LIS 7010: Reading Response for September 21, 2011

LIS 7010 (Intro to Library and Information Science)

Reading Response for September 21, 2011

– Rubin, Foundations of Library and Information Science, 3rd edition, Chapters 3 & 4
– Haycock and Sheldon, The Portable MLIS, Appendices J & K
OCLC Perceptions of Libraries, 2010

Somewhat randomly this summer (I was googling the acronym MPOW, which apparently stands for “my place of work”), I came across a blog post by K. G. Schneider, a.k.a. Free Range Librarian, in response to a speech by McMaster University’s research library director Jeff Trzeciak (“Thoroughly Modern Karen: A Response to Jeff Trzeciak”). According to Schneider, Trzeciak noted that the future of the research library involved hiring PhDs in subject areas and information technology specialists rather than librarians-as-such, ostensibly those with master’s degrees in library science. The speech was clearly a provocation for the world of librarianship, and Schneider offers one spirited defense of librarians’ embrace of the changing world of information technology and library user services (although the defense often veers harshly towards ad hominem attacks).

The debate raised by Trzeciak’s critique of an outmoded library that is resistant to change is worth considering in light of this week’s readings about the history of librarianship’s professionalization since the late nineteenth century.

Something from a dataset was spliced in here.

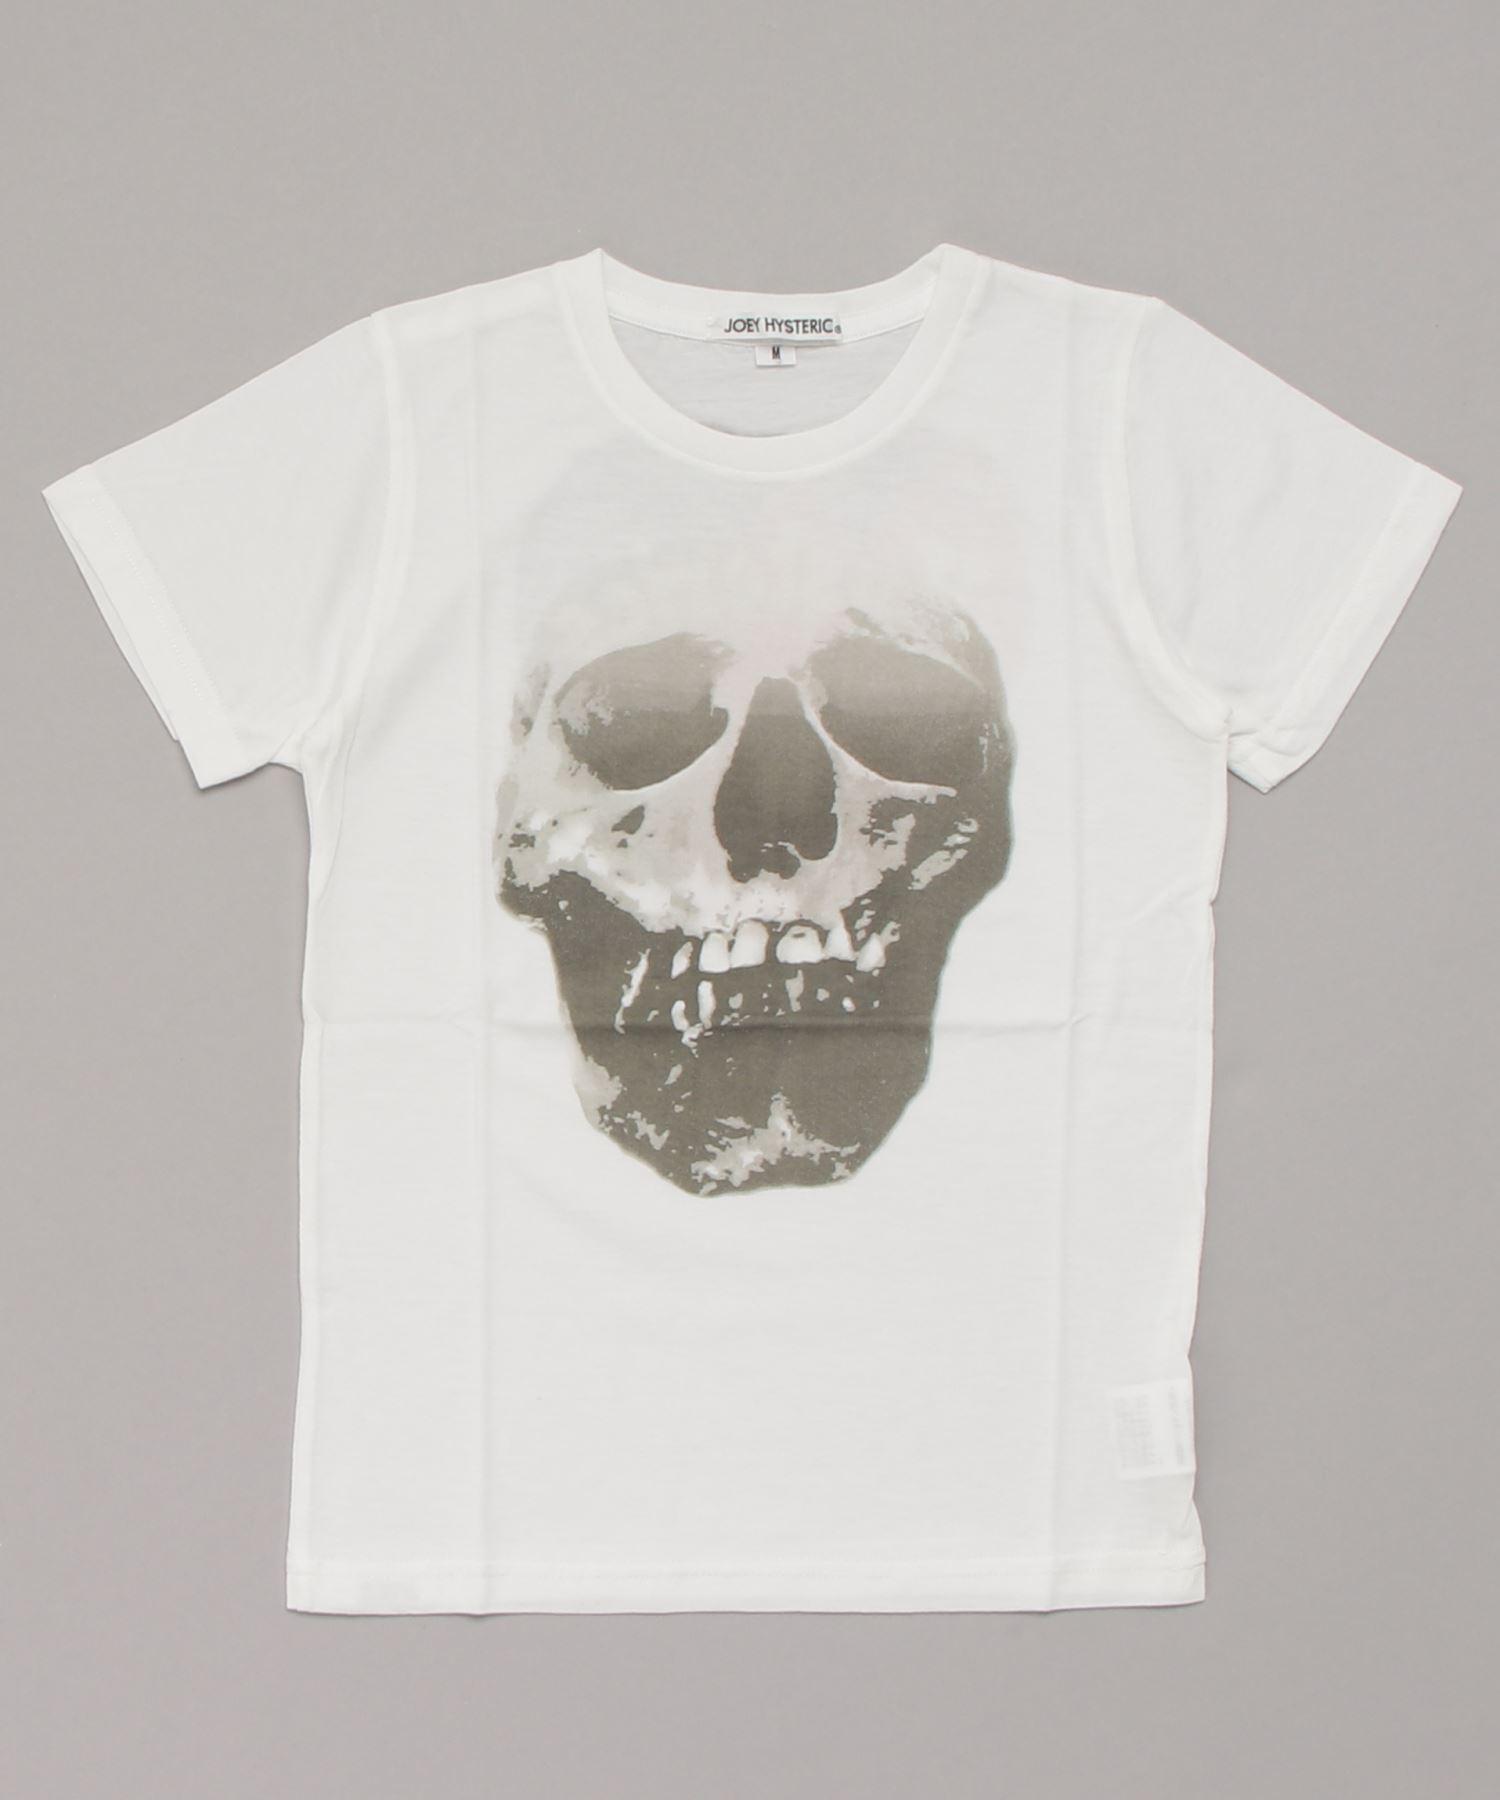 SKULL BERRY pt Tシャツ(XS-M)

That history has involved related issues such as determining the appropriate kind of education/training for library workers as well as how to adjudicate the tension between library science and information science in a world of rapidly changing information technologies. Much of the furor raised by librarians in response to Trzeciak’s prognostications were about his devaluing of the kind of training that librarians receive in their graduate education and his insistence on the need for new and different competencies.

With regards to the second issue about perceived incompatibility between library science and information science, one distinction that Rubin draws is that the former focuses on education and literacy in the institution and physical structure of the library while the latter is centered on information access in more decentered and networked environments. I find this distinction useful even as it seems to oversimplify the issue at hand. My own take on the issue is that the library as an institution offers a rich history as well as an important infrastructure for access to books and other information, and as such, it is more useful to consider ways of holding on to what libraries offer in terms of services while transforming them for emerging technologies rather than abandoning them wholesale for a brave new world of digital information. Rubin also emphasizes how libraries promulgate democratic values, and in this capacity, it is worth mobilizing libraries as a social site and a socially-relevant actor in education and providing information for the public.

Question for consideration: What are the pros and cons of continuing to invest in libraries in the twenty-first century as centers of information, literacy, and education?